▶ [EXERCISE]:
Go from the first line below to the one with "Rue de Femme" and print each line exactly.

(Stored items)
"""
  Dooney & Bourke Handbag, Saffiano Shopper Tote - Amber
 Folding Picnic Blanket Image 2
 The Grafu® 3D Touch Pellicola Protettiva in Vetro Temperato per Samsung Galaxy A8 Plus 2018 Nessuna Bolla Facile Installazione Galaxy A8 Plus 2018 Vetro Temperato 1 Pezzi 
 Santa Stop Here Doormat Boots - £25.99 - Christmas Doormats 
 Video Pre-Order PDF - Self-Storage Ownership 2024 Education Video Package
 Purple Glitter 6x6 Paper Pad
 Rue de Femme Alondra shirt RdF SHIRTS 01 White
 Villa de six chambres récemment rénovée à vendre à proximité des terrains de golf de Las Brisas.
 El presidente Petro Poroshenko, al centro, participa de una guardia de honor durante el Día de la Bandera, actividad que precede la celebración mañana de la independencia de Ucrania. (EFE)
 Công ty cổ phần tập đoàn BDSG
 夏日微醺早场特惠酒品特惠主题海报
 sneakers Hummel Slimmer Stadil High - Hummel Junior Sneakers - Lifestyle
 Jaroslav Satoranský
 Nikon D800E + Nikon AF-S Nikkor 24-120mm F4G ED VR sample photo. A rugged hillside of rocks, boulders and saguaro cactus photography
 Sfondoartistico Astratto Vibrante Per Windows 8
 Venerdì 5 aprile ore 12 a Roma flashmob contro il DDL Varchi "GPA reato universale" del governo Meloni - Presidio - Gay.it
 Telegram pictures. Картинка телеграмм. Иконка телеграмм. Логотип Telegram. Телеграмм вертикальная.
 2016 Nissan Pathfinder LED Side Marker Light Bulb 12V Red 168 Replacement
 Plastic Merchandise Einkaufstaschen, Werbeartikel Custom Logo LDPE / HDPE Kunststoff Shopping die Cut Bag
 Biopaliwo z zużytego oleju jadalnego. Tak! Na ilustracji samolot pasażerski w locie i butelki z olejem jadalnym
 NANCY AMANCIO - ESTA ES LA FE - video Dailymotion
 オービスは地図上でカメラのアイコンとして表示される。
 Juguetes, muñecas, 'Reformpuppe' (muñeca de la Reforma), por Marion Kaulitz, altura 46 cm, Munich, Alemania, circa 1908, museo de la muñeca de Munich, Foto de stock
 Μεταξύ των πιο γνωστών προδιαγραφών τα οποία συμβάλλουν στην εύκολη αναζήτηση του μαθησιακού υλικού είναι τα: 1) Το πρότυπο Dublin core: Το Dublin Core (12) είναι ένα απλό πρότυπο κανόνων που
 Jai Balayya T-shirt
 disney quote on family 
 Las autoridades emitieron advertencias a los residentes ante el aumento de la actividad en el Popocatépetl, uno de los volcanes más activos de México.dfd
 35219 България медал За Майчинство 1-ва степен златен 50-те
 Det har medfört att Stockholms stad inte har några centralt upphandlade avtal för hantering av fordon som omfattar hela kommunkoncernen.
"""
▶ [EXERCISE OUTPUT]:
  Dooney & Bourke Handbag, Saffiano Shopper Tote - Amber
 Folding Picnic Blanket Image 2
 The Grafu® 3D Touch Pellicola Protettiva in Vetro Temperato per Samsung Galaxy A8 Plus 2018 Nessuna Bolla Facile Installazione Galaxy A8 Plus 2018 Vetro Temperato 1 Pezzi 
 Santa Stop Here Doormat Boots - £25.99 - Christmas Doormats 
 Video Pre-Order PDF - Self-Storage Ownership 2024 Education Video Package
 Purple Glitter 6x6 Paper Pad
 Rue de Femme Alondra shirt RdF SHIRTS 01 White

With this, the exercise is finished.